One of the challenges for investors buying into the Shenzhen market is finding gems in an already expensive market dominated by technology companies with high valuations. Equities in Shenzhen are trading at an average price-to-earnings ratio of around 40 per share, substantially more expensive than the average PE ratio of 20 in Shanghai, where many of the 1,090 companies are state-owned enterprises, and the average PE ratio of 16 in Hong Kong, where more than 60 percent of the 1,800 listed companies are from China, both state-owned and private.

“The growth opportunity — private enterprises and new economy — in Shenzhen is four times larger than Shanghai,” says Erwin Sanft, the Hong Kong–based head of research at Sydney-based Macquarie Securities. “Yet valuations are higher and the market is more volatile.” Still, Sanft says, there are dozens of equities worth investing in, among them the shares of GoerTek Inc., one of China’s leading acoustic components companies that has been expanding into virtual reality software development, and Shenzhen Rapoo Technology Co., a wireless electronics component manufacturer that has been expanding into industrial drones and robotics.

Besides giving global investors more options, the new connect is a technological innovation that unifies China’s three equity exchanges, says Francis Cheung, the head of strategy for Hong Kong and China at CLSA, a Hong Kong–based securities firm that is a subsidiary of Beijing-based CITIC Securities. “It is seamless to investors no matter which exchange the stock is listed in,” says Cheung.
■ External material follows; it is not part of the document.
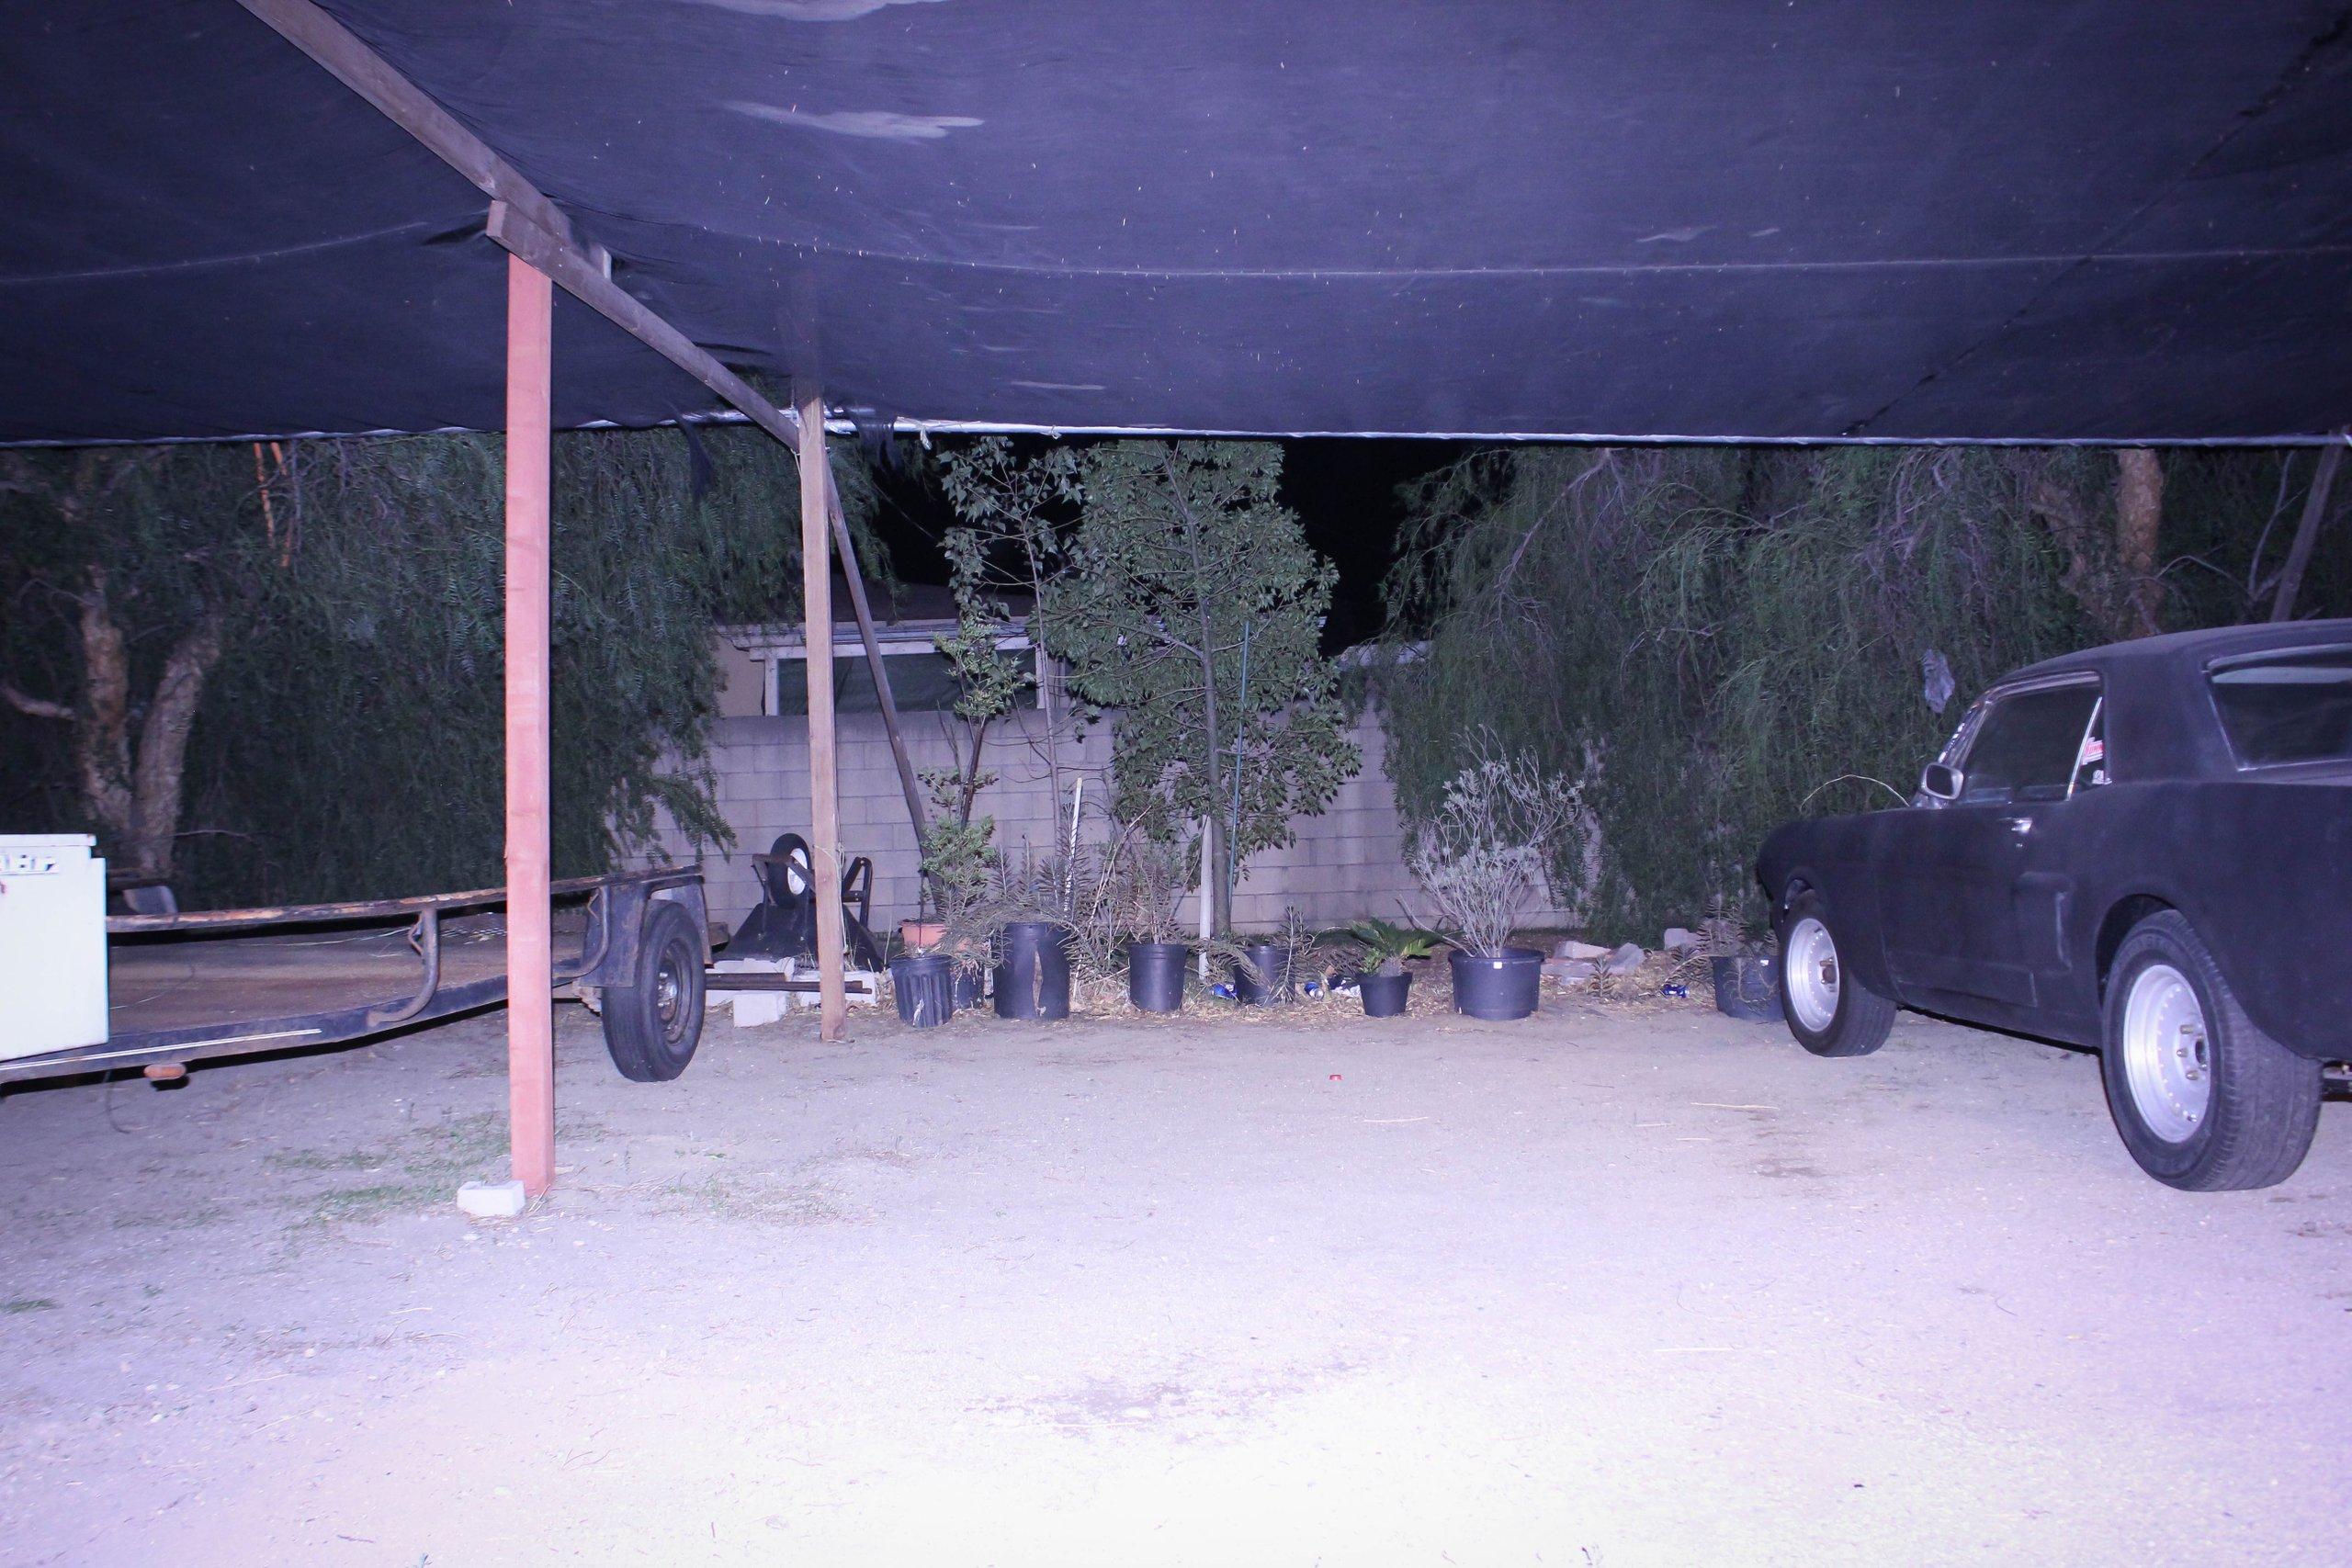 24x20 Carport self storage unit

The three exchanges have a combined market cap of more than $10 trillion, making China the second-largest equity market in the world, behind only the U.S.

The new connect also strengthens China’s chances of winning inclusion in MSCI’s emerging-markets indexes, says Patrick Ho, the Hong Kong–based head of Asian equities at Sydney-based asset manager AMP Capital. “MSCI inclusion for China is expected to be six months after Shenzhen Connect implementation,” Ho predicts, adding that demand will rise for Chinese A-shares among global investors in Chinese equities once MSCI decides to include A-shares in its index allocations.

That will certainly be good news, says Mobius, adding that he remains optimistic about China’s economy — particularly its Internet and technology sectors, despite rising global concern about the sustainability of the nation’s economic growth.

“In our view, the fundamentals in China still look very good,” says Mobius. “The country remains one of the fastest-growing economies in the world despite a decelerated growth rate from decades past, and we remain confident in the government’s efforts to effect a broad economic rebalancing away from an export-driven model and toward one that is more domestic-oriented.”